But, events of the past few days have convinced me to believe that Brunel is a pseudo-African platform commercialised by blacks living in diaspora with a twisted view to ridicule, re-colonise and downgrade African writers domiciled in Africa.

If a poetry competition as Brunel (I had rated as impressive) stoops so low as to shortlist poems for its poetry prize not on the basis of excellence but who has had “access to a creative writing education and a literature development culture outside of the continent, especially in the US and UK”, according to a statement by its founder, British-Nigerian writer Bernardino Evaristo, then African poetry is dead on arrival.
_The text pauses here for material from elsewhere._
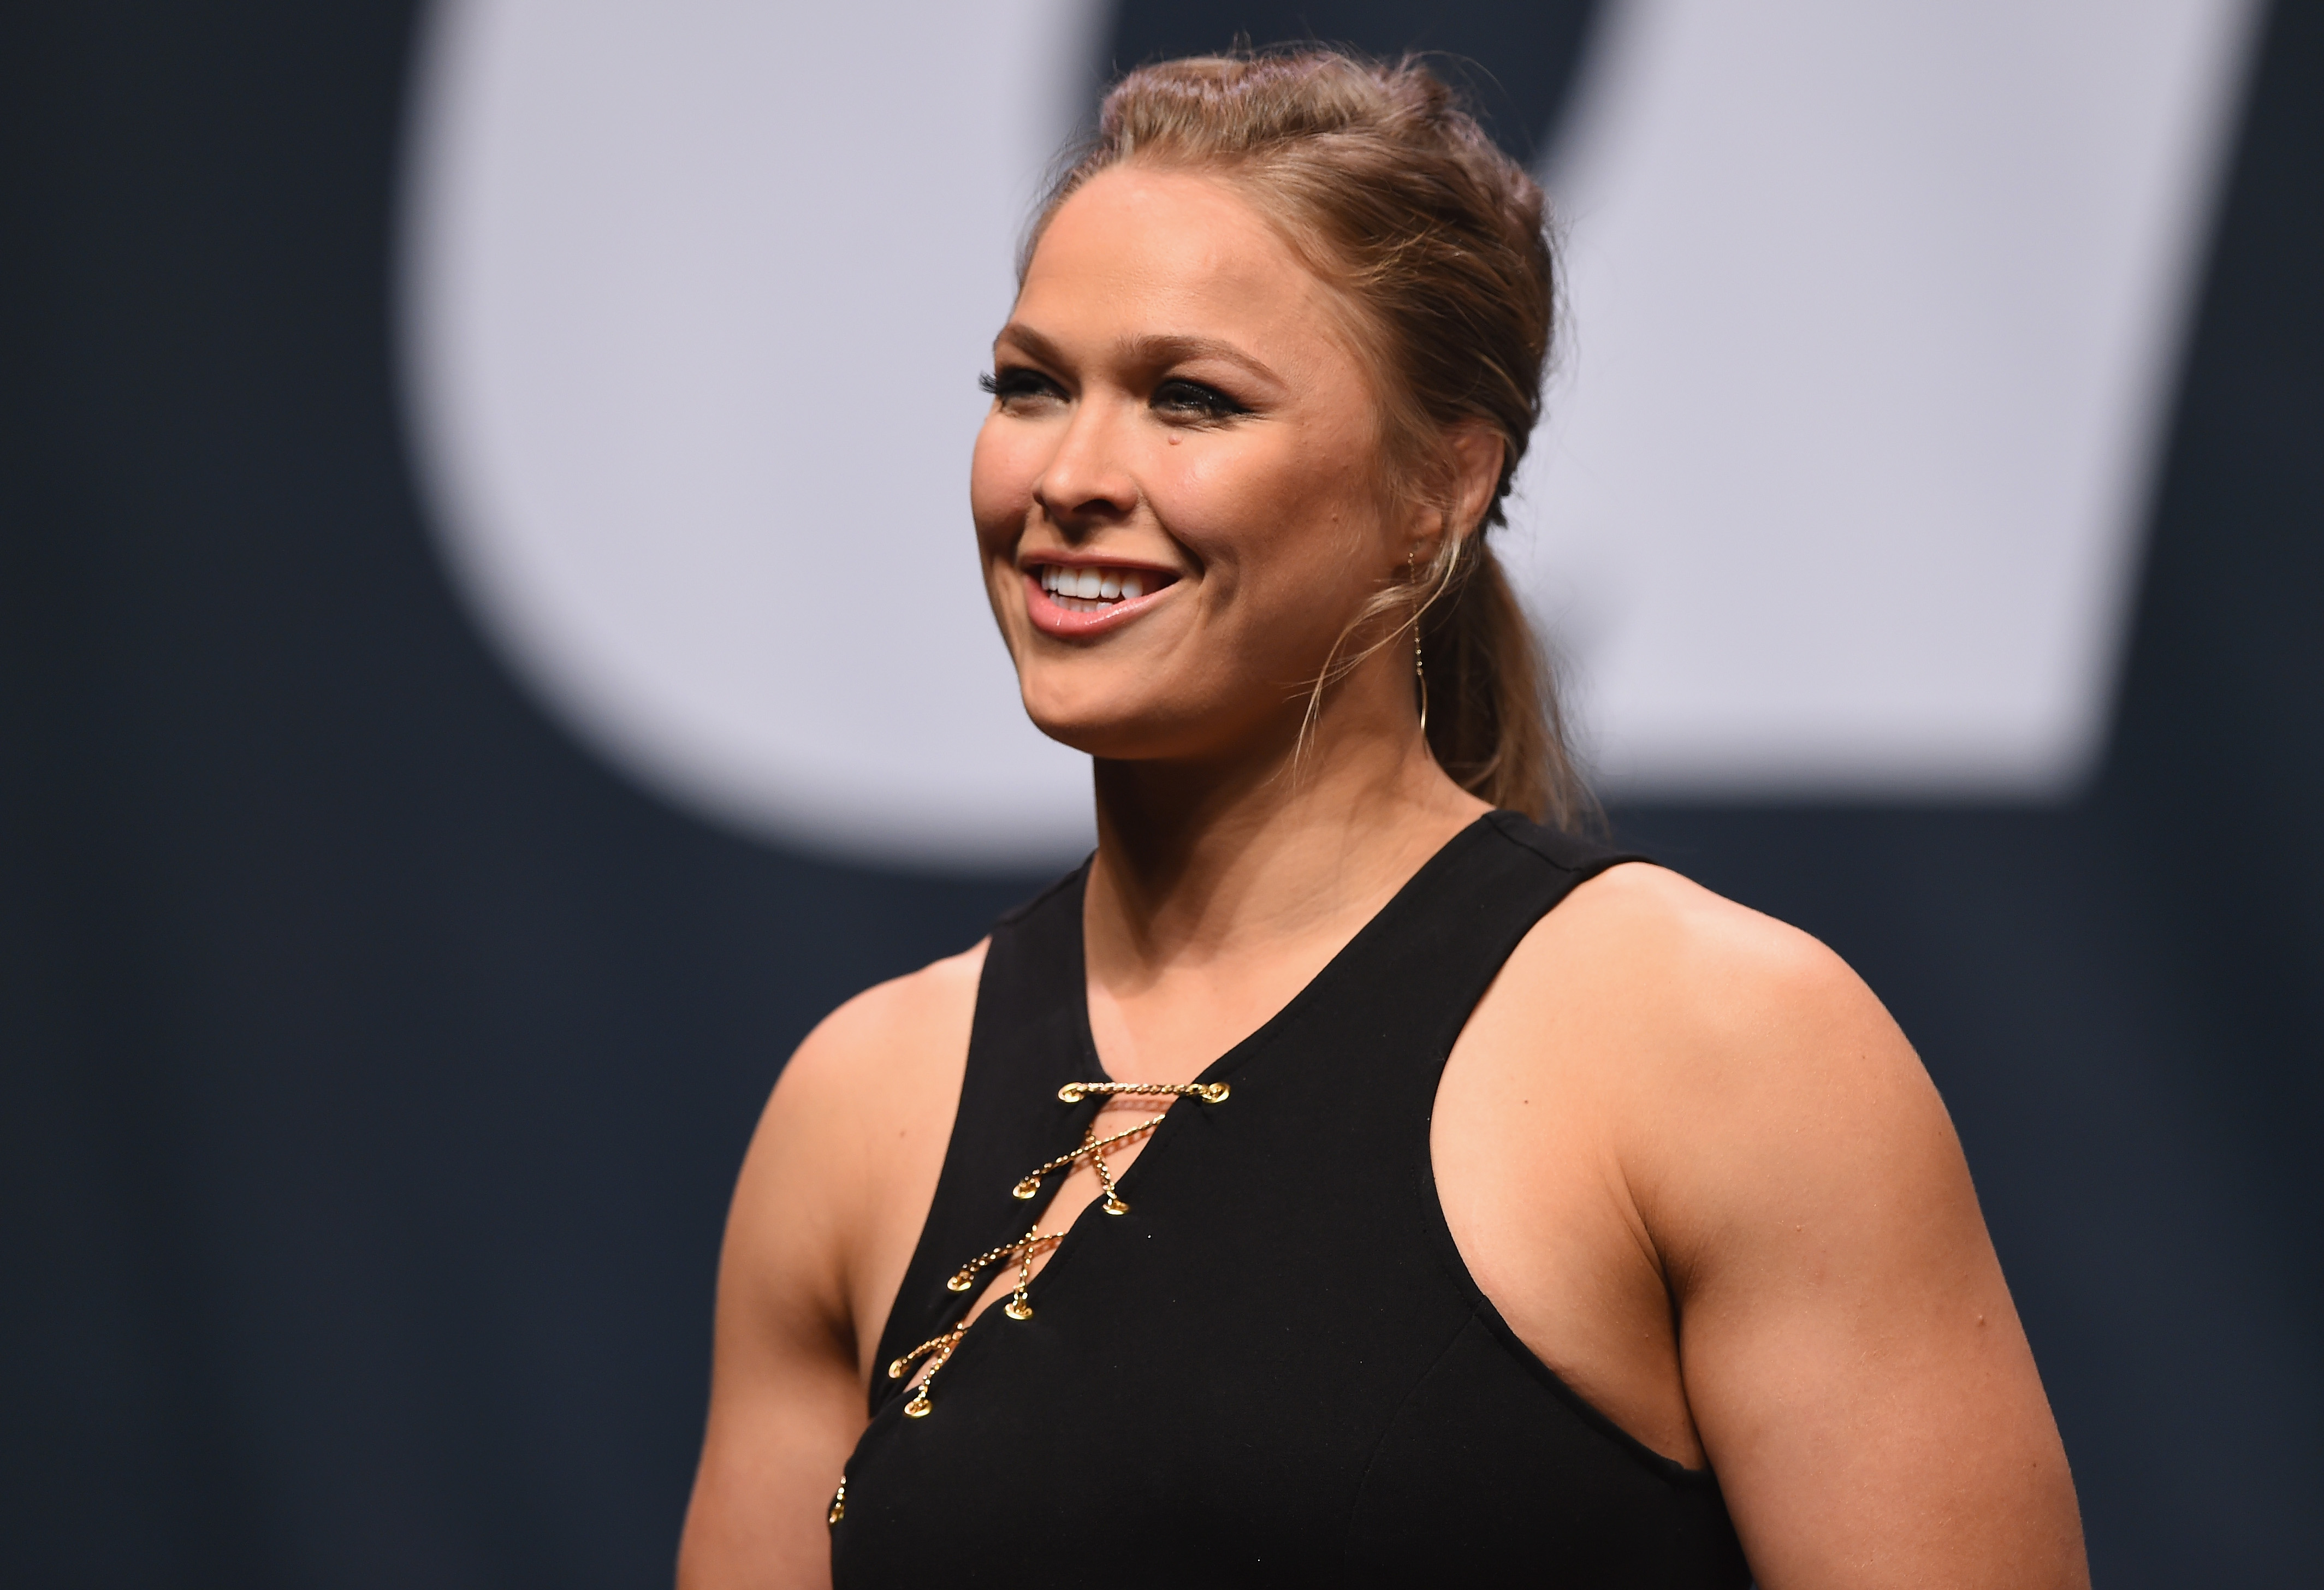 Ronda Rousey at the UFC's Go Big launch event in Las Vegas on Sept. 4, 2015. (Josh Hedges—Zuffa LLC via Getty Images)

The popularization of the whacked mentality by Evaristo and to an extent, her judges that the so-called Africans exposed to creative writing education and literature development culture outside of the continent, especially in the US and UK are better off is not just a delirious thinking pattern but also an insult to all Africans living in Africa who have not left the continent before.
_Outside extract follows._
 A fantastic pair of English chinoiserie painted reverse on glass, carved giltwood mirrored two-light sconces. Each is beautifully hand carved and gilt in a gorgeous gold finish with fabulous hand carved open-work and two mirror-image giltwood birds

What it means in a layman’s language is that a majority of African writers who are talented will be ignored for the fact that they are not privileged to have access to creative writing education abroad – they are considered inferior to their counterparts abroad. Those who live abroad and exposed to the ‘almighty creative writing education’ bla bla bla are chosen over their contemporaries who live in Africa.

And that is exactly what happened this year.

6 of the poets shortlisted this year do not live in Africa (and may never have stepped foot in the continent). For the remaining two: one lives in Cairo and studied at the University of Mississippi (she’s got the abroad connection), while the other is a Nigerian (chosen obviously to save face).

This toxic reasoning introduced by the organisers who should know better might set off a catastrophic precedent for the future. When discrimination is spelt out openly in this fashion without remorse, it is a clarion call for all those living in Africa who have ‘sense’ to count their teeth with their tongues as you are now considered as second class contestants.

‘Nwanne m, jiri ire gi guo eze gi onu’.

Evaristo has made it clear that Brunel is to big for African poets living in Africa as they are considered ‘not good enough’.

Even if Brunel has now become a UK/US affair as the organisers want to make it seem, the transition should’ve taken a gradual process.

Moreover, this new trend will spell doom for the future of African literature as those given the mantle to represent Africa are nothing but pretenders who do not carry the conscience of Africa. This favouritism is unacceptable. 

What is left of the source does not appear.